* [Work to be completed] Retype the whole listing verbatim and keep the pictures out of it.

* [Dataset extract]
------------------------------------------------------------
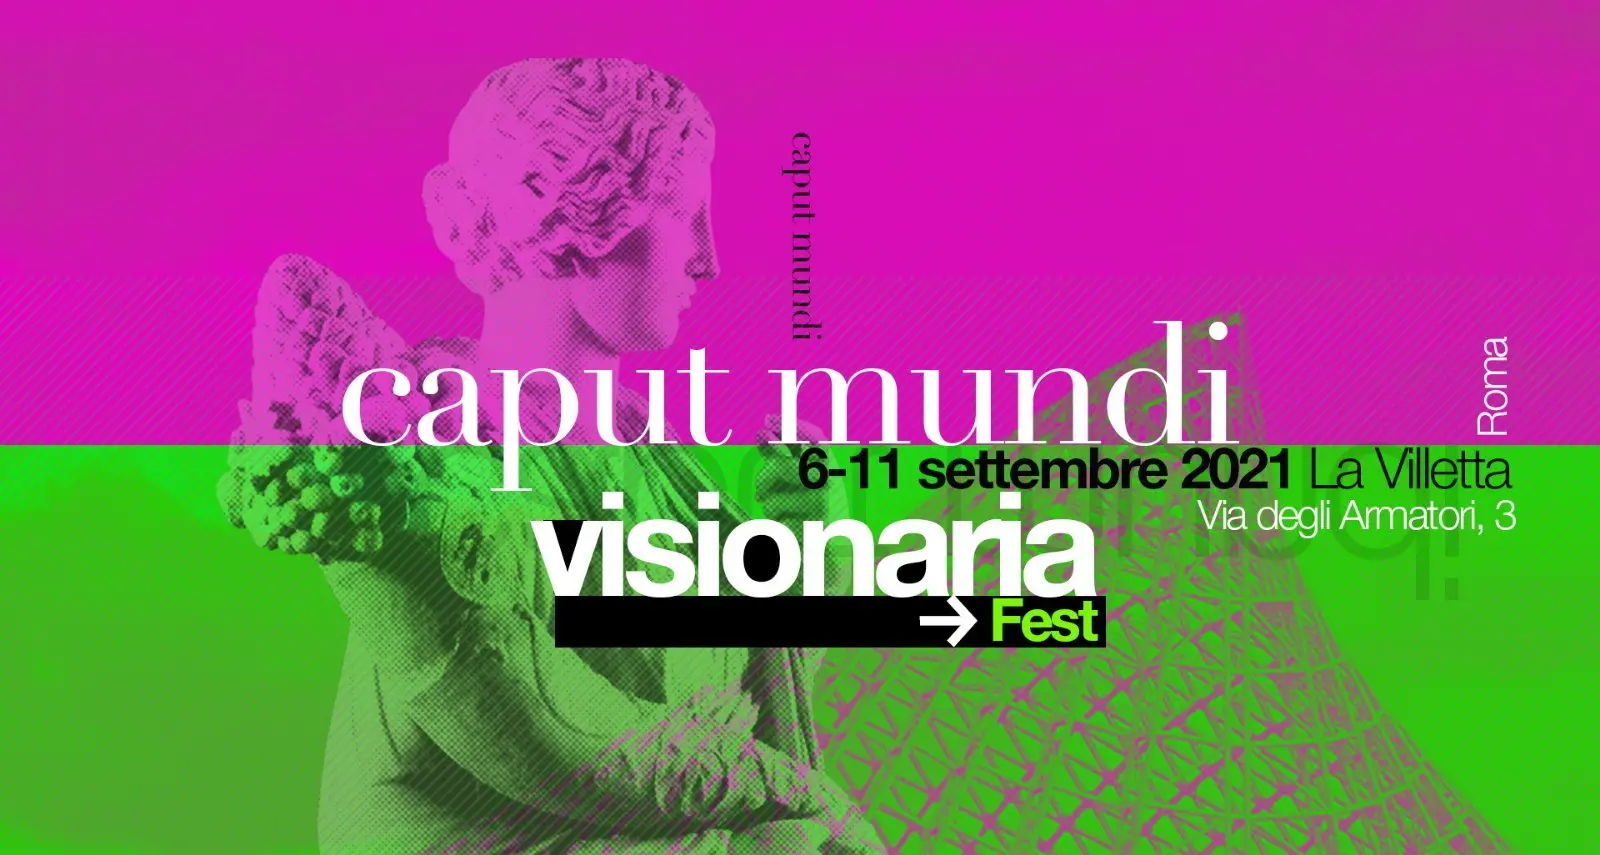 Visionaria Fest, lo sguardo su Roma
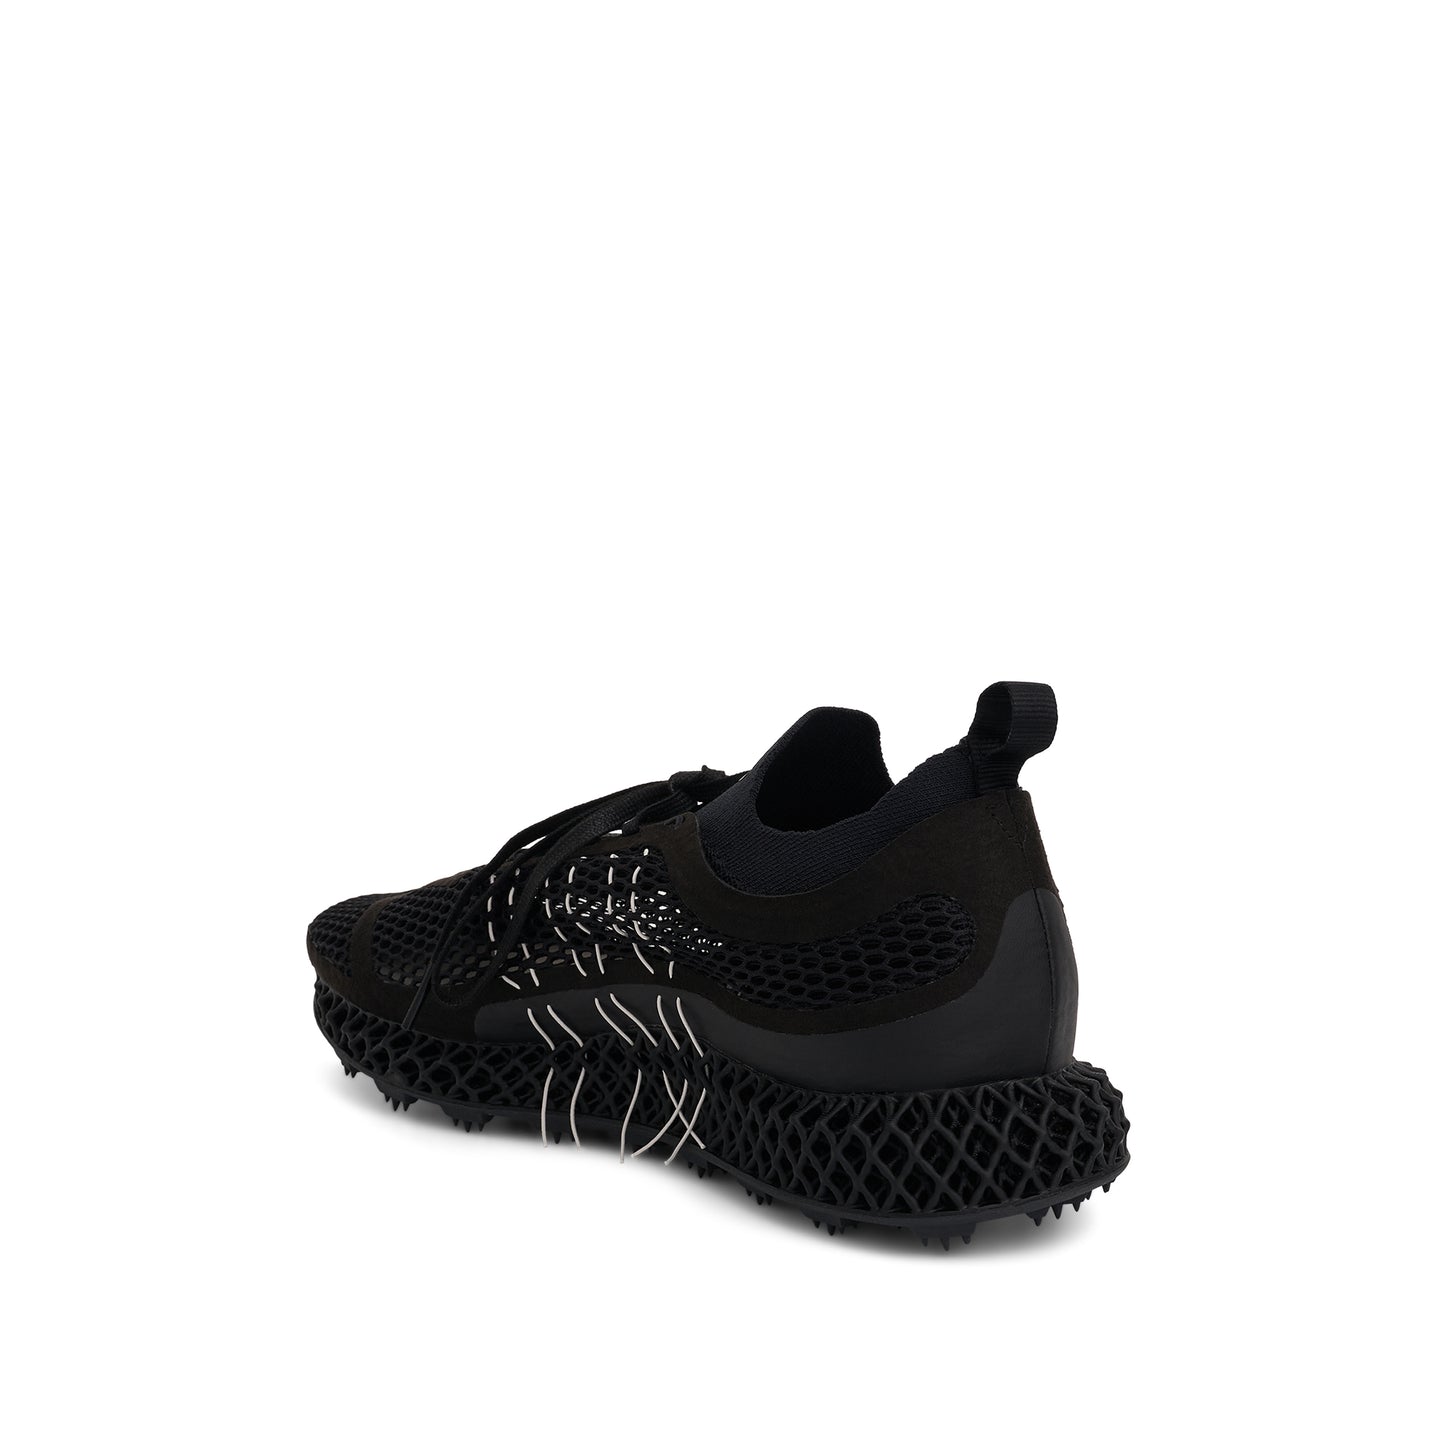 Runner 4D Halo Sneakers in Black/Off White
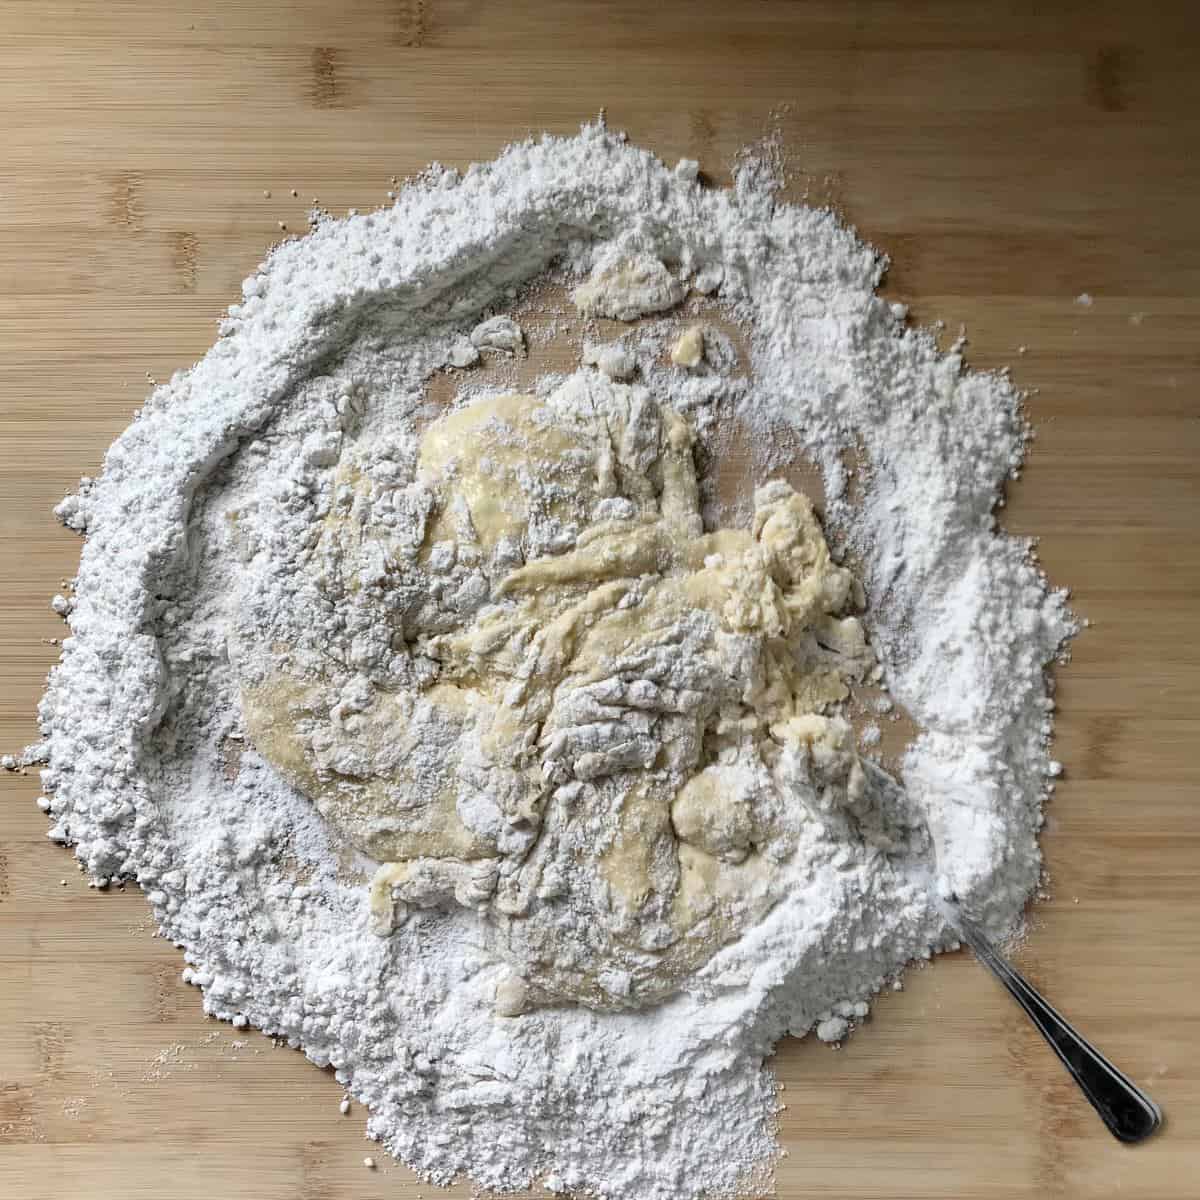 The dough to make struffoli on a wooden board.
------------------------------------------------------------
* [Completed task]
 Visionaria Fest, lo sguardo su Roma
 Runner 4D Halo Sneakers in Black/Off White
 The dough to make struffoli on a wooden board.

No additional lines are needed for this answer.